Me parece muy bien... Y efectivamente lo que mencionas era a lo que me referia. Excelentes observaciones.

ese circuito tambien puede servir como... "electrificador tipo tazer (no se como se escriba jajaja)" casero.


----------



## borja1234567 (Feb 8, 2010)

muchas gracias por sus opiniones pero el circuito que puse lo vi interesante porque el transormador que tengo no tiene vias. alguna otra idea?


----------



## borja1234567 (Feb 17, 2010)

jorger dijo:


> 555 con un flyback?
> La idea es buena,pero tiene algunos inconvenientes:
> - El 555 no funciona por debajo de los 6v,mala cosa si quieres un circuito que funcione a menos de 5v
> -El flyback saca varios kv,vale.Pero se tira un año en cargar una miseria de condensador (200v/220uF)
> ...



creo que voy a haer eso e estado mirando por internet y tengo una duda ¿que transisor me recomiendas? un 2n3055?


----------



## jorger (Feb 20, 2010)

Como sabía que ibas a decir lo del 2N3055 
A unos les funciona estupendamente ese transistor, y a otros desastrosamente (me incluyo).
El que funciona bien bien es el TIP142 (el tip122 no lo compres por nada del mundo, es el transistor que peor funciona para estas cosas).

Ah, qué transformador vas a usar?
Un saludo.


----------



## borja1234567 (Feb 20, 2010)

jorger dijo:


> Ah, qué transformador vas a usar?



voy a usar un transformador corriente sacado de una radio 

ah ,tengo un flyback y un transformador de coche parecido a este http://www.youtube.com/watch?v=AhRx1XW0d2g  tanvien me gustaria sacarles provecho


----------



## jjjasesino (Feb 24, 2014)

Hola a todos, jorger, me interesa bastante ese circuito de un solo transistor, si pudieses subir el esquema con los componentes me ayudaria bastante, por cierto, supongo que conectando los transistores en paralelo aguantan mejor no?

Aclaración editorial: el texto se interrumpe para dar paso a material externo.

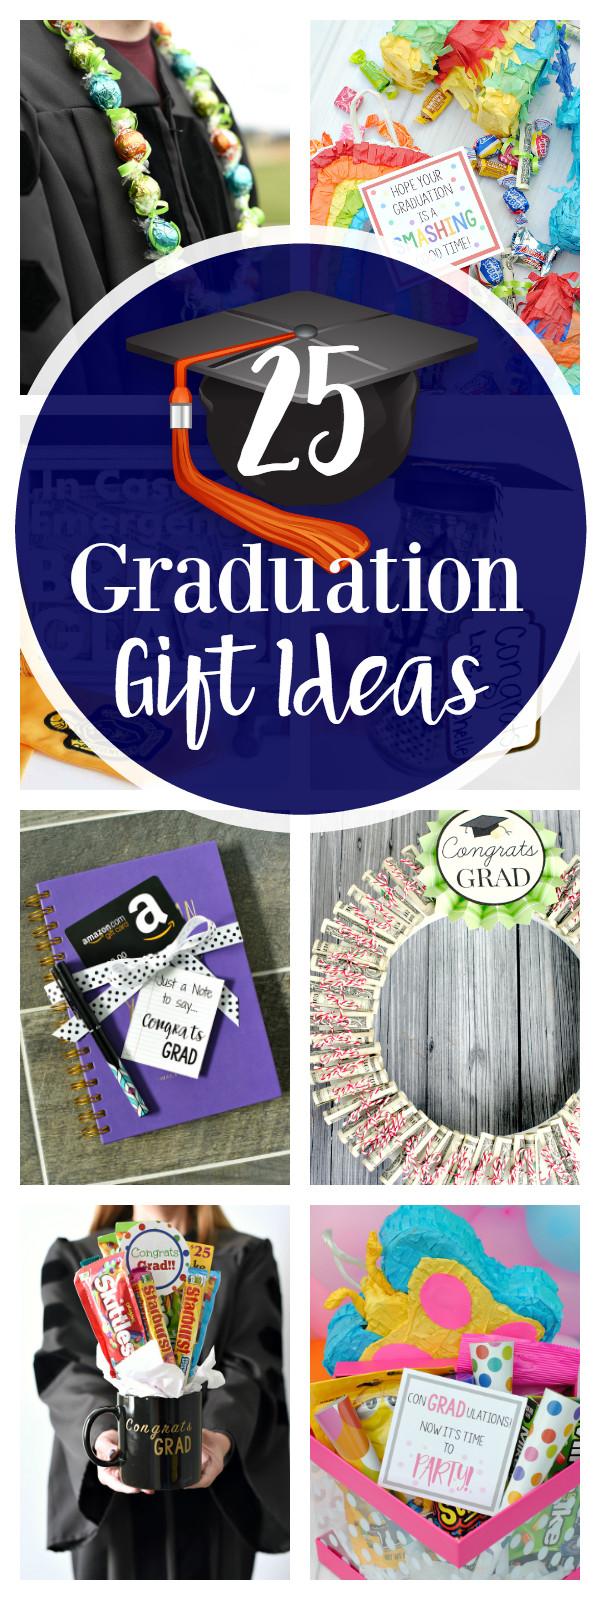 Graduation Gift Ideas College Grads  25 Fun & Unique Graduation Gifts – Fun Squared

Esque he de cargar unos 2500uf para un flash de fotografia de fondo bastante potente y ya conseguí en este foro el circuito de activacion, pero sin querer he fundido el de carga( un corto con un tornillo es una cosa muy fea a casi 400v).

Otra pregunta es si se puede hacer uno que funcione a 12 v aunque solo llegue a 300v y pico, por aquello de la portabilidad de las baterias y esas cosas.

muchas gracias


----------



## Fogonazo (Feb 24, 2014)

Si es para un flash de estudio, ¿ Por que no alimentarlo directo desde 220Vca ?

¿ Que lámpara piesas emplear que soporte 2500uF a 300Vcc ?


----------



## jjjasesino (Feb 25, 2014)

La lampara es la misma que la de este hilo https://www.forosdeelectronica.com/showthread.php?p=881677#post881677


solo que el circuito de carga ha hecho puf ahora y me toca sustituirlo.


----------